Sunday, May 22, 2016

HOME SICK

Has anyone ever died because they had to leave their home ?  I actually feel I am going to die. Or is it that I wish I could die? Or is it that I am feeling so poorly that I want to die? 
I do believe it is ALL of the above !

I have become physically sick over leaving this house. I've got this horrible condition where I can not wear makeup because my eyes continue to leak at arbitrary moments and I can't catch my breath. Water pours down my face and sobs make it hard for me to breathe.  This can occur as I am in the middle of Publix, while driving down the road or even in the middle of chatting with someone at Starbucks.
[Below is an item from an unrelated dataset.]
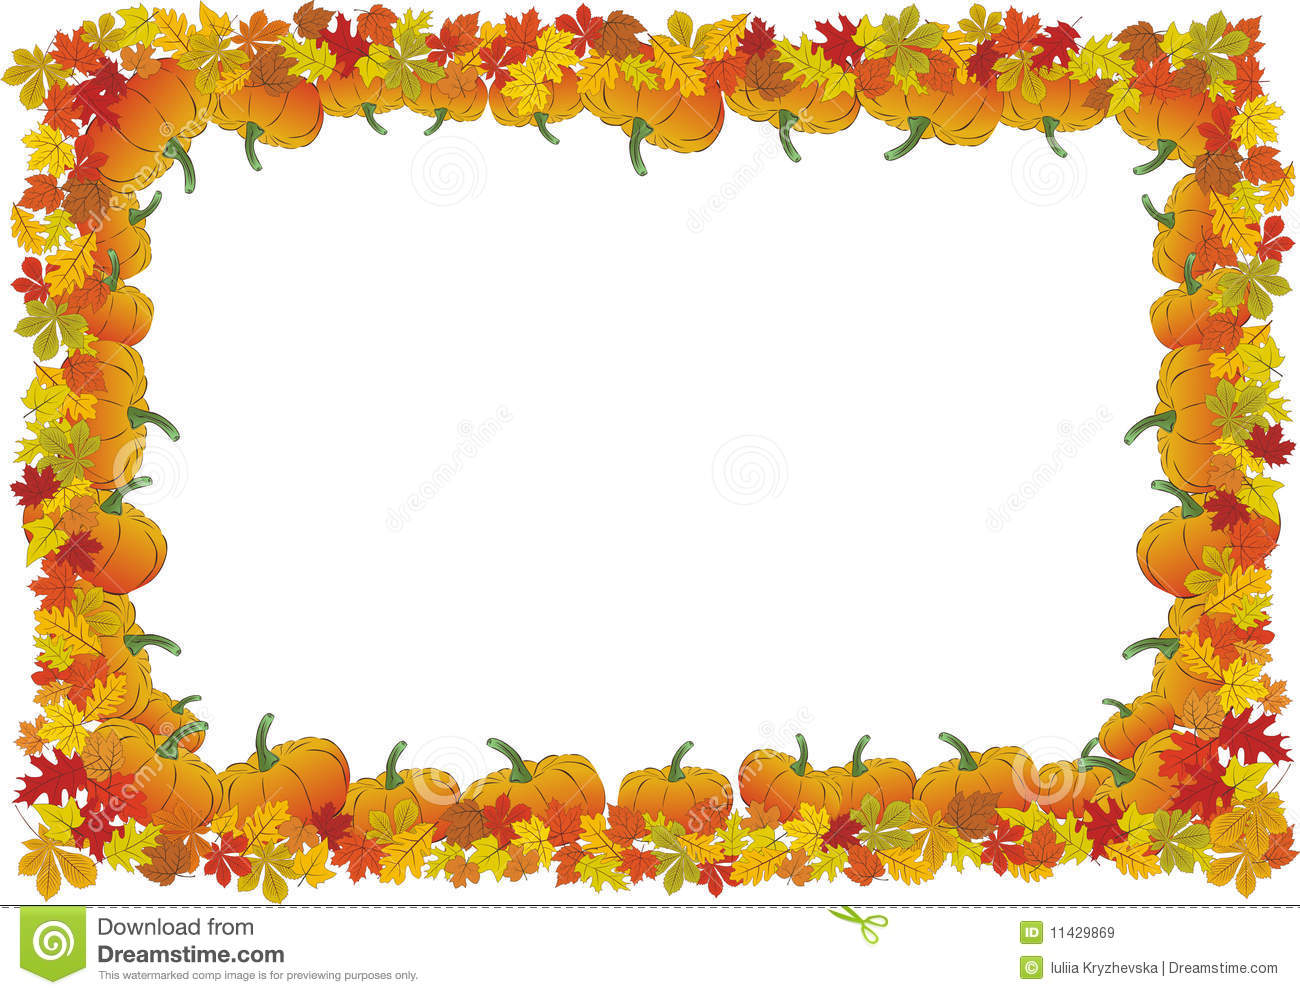 07368c634f5f27fd8cac6b2caf3493 ... 07368-07368c634f5f27fd8cac6b2caf3493 ... 07368c634f5f27fd8cac6b2caf3493 ... Thanksgiving Frame Clipart-0

It is most embarrassing but it just catches me unaware at the oddest of times.  Then there are the stomach issues which I will not go into detail on but suffice to say I have emptied several bottles of Pepto Bismol and am working on the bottle of Imodium.  I'm really glad I had gone for my check ups at the gastro intestinal doctor or I would REALLY be concerned with the pains and nasty things going on down there.  Stress can do amazing things to a persons body.

The only thing unaffected by all this is my sleep. But then depression always put me into a stupor where I can sleep days on end like a bear hibernating.  If it wasn't for having to pack up my personal items and rid myself of almost EVERYTHING else I would be in bed under the covers from now until the day I had to move out.  

I don't think this ever occurred to my 2 oldest children when they came up with this brilliant plan to have me move NOW that I just am not ready yet.  I am being ripped from this place and every day is just like tearing a layer of skin off my body.  I cry constantly, I am physically ill over it but keep telling myself it is the RIGHT thing to do.  BUT if it's so right why does it hurt so very very much?